On an idle and drizzly morning in London, what better way to ward off the February blues than to wander off Kensington High Street into the nurturing warmth of the high-end food shop Whole Foods Market. Drawing in a lungful of fresh raspberry-meringue-basil-focaccia-scented air, I start on a quick turn of the aisles, marvelling with every step at their Émile Zola-esque displays of healthy splendour. Pride of these, or most arresting, is a retro coconut oil tower. Every single jar is screaming "buy me, eat me". But it's not just one display; each corner I turn around, there seems to be yet more coconut oil.

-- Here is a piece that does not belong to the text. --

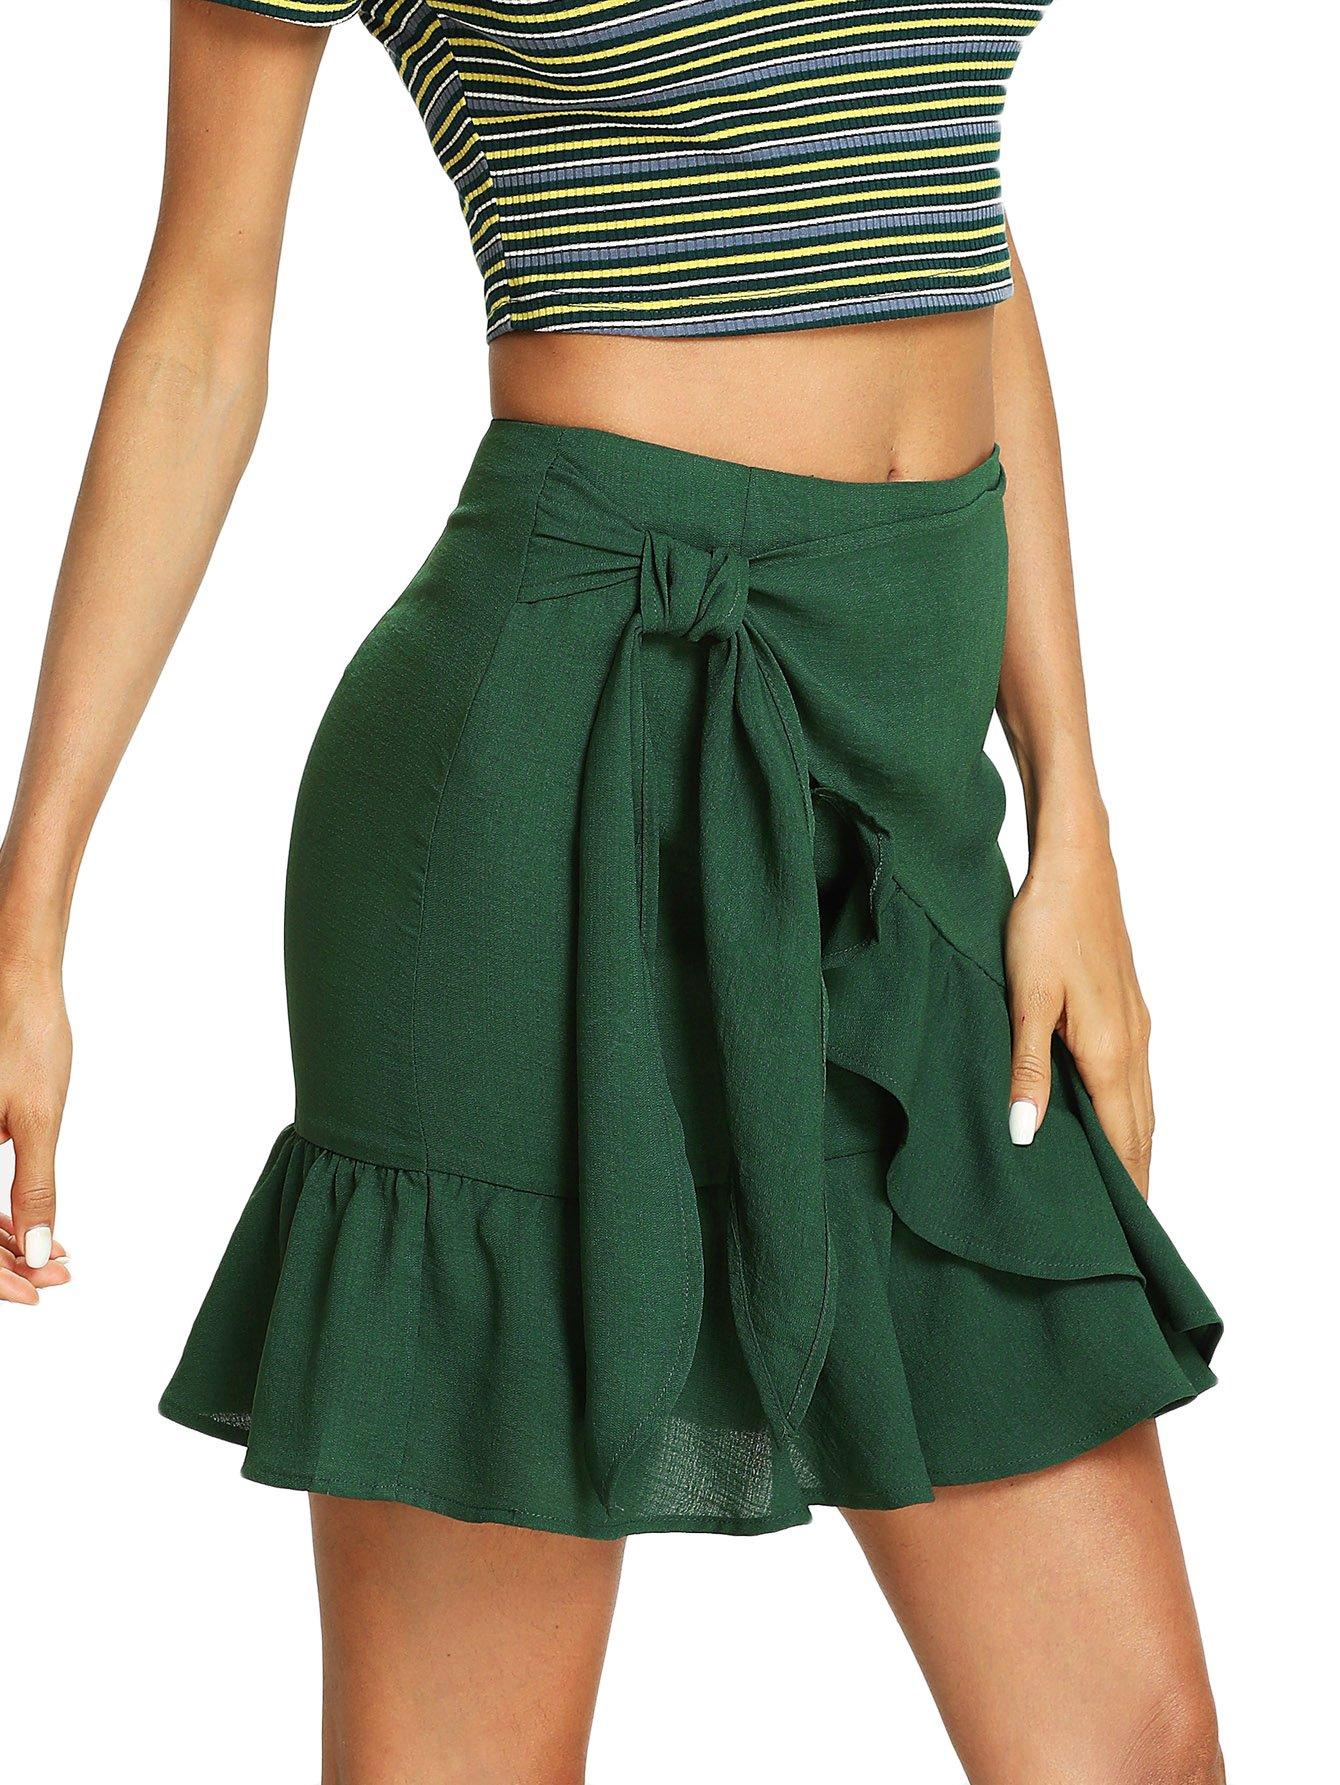 Romwe Women's Cute Knot Side Solid Ruffle Hem Mid Waist Summer Short Skirt Green L

You don't have to find yourself in the environs of one of London's food meccas to witness the big sell of this fashionable ingredient. Visit Ocado, and it would seem that there are more brands of coconut oil on offer than the olive variety. In fact, go into any health food store, and you will be hard pushed to leave without being beckoned over by its waxy, lily-white finger. Because, apparently, it is very good for us, and not only can we cook with it, we can use it as a face cream, a hair conditioner, an eyelash extender and makeup remover. And, should we be in any doubt about its virtues, most jars state that they are "raw", "extra virgin" and "cold-pressed", and many are organic.

For the cook, it is easy to see its charms. Vegetables roast up a treat with delicately crisp edges, and stir-fries are altogether more exotic, infused with a pronounced and yet discreet scent of coconut. It gives new meaning to the expression "melts in the mouth", turning into a rich, limpid oil above 24C, so luscious that it reminds me of lard. Which is when I start to feel a slight sense of unease. Delving a little deeper, it would seem that its virginal appearance conceals a darker side.

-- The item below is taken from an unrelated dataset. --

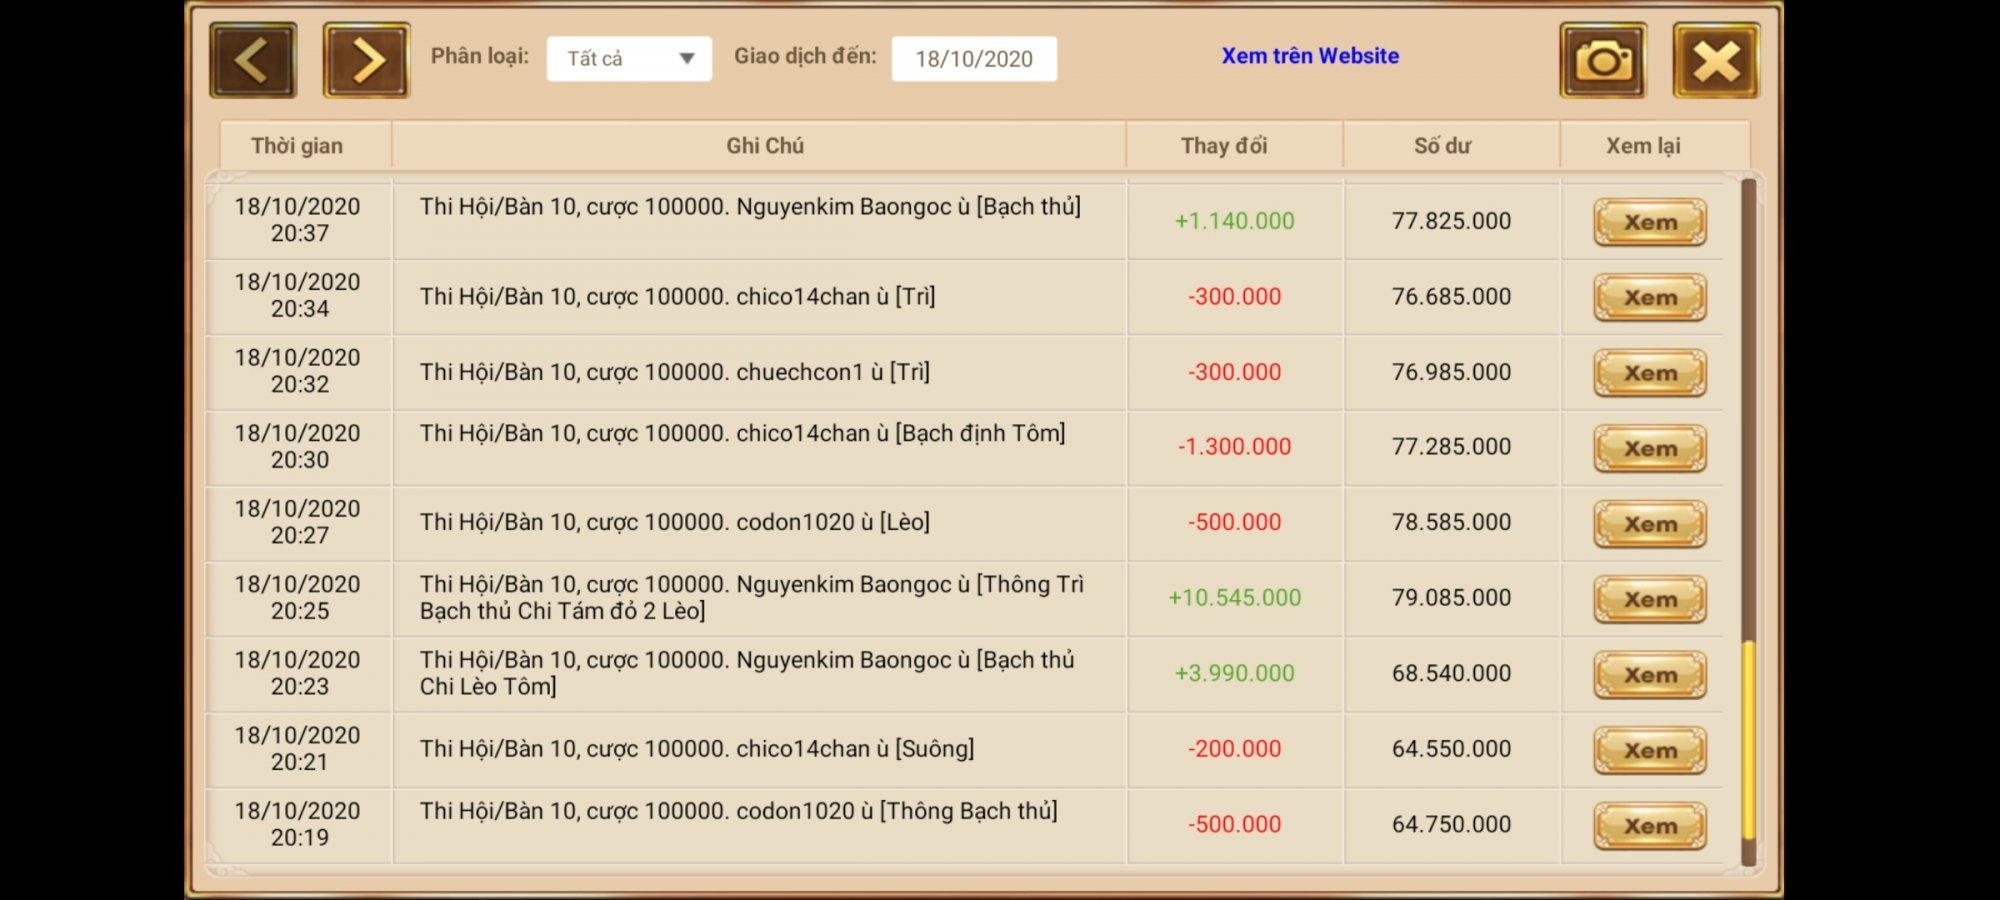 Screenshot_20201018-212701_Chn Sn nh.

Virgin coconut oil is proving to be an enigma. It contains more saturated fat than any other type, about 92 per cent compared to butter's 52 per cent (lard comes in at a modest 40 per cent). About 50 per cent of this is lauric acid, a medium-chain triglyceride or MCT that is known to raise HDL or "good" cholesterol. And this is where the battle lines are drawn.

There are those in the medical profession who refuse to support the product without long-term clinical trials examining its effect on heart health, and who maintain that anything that raises cholesterol is bad for you, period. So eating generous amounts of saturated fat can never be recommended.

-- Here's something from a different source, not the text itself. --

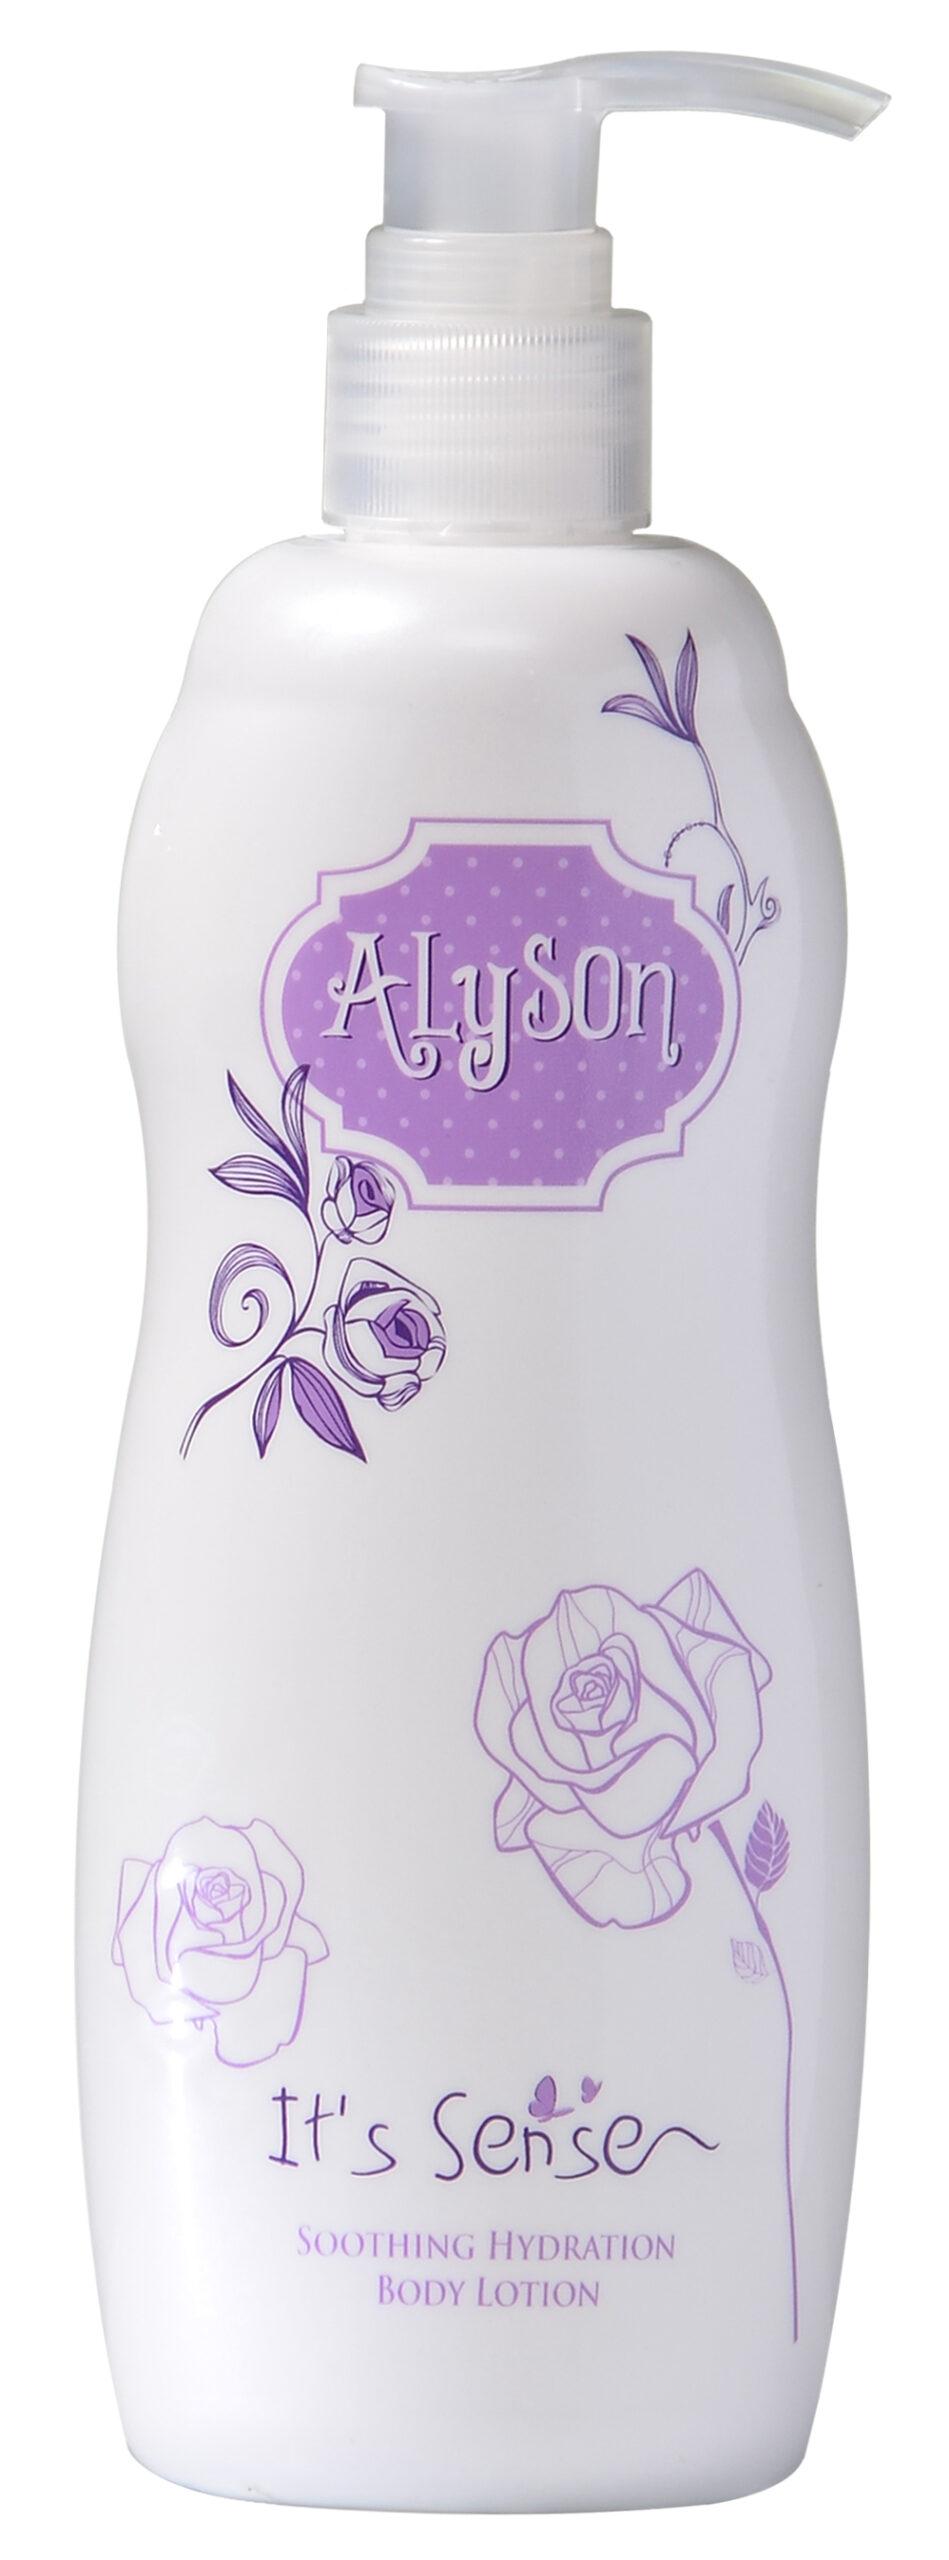 Alyson It's Sense Perfumed Lotion 300gm

Rapeseed oil is the colour of liquid sunshine (Alamy)

On the other hand, it is also widely being touted as having a high smoke point. (This is the temperature at which an oil breaks down into toxicological compounds, and damaging free radicals are released.) However, as Judy Ridgway, the olive oil expert, points out, "Virgin coconut oil is a really great product, but its smoke point is about 170C (compared to about 200C for olive oil). So it's not true to say that coconut oil has a high smoke point. Refined coconut oil has, virgin coconut hasn't."

So, were you to take a measured view, yes it is probably better for you than butter, but still something to eat in moderation, and not with the kind of abandon you might with extra virgin olive oil, which is an unsaturated fat. And also, you should be a bit careful about how you cook with it. In short, a lovely product but the health benefits are more testimonial than clinical.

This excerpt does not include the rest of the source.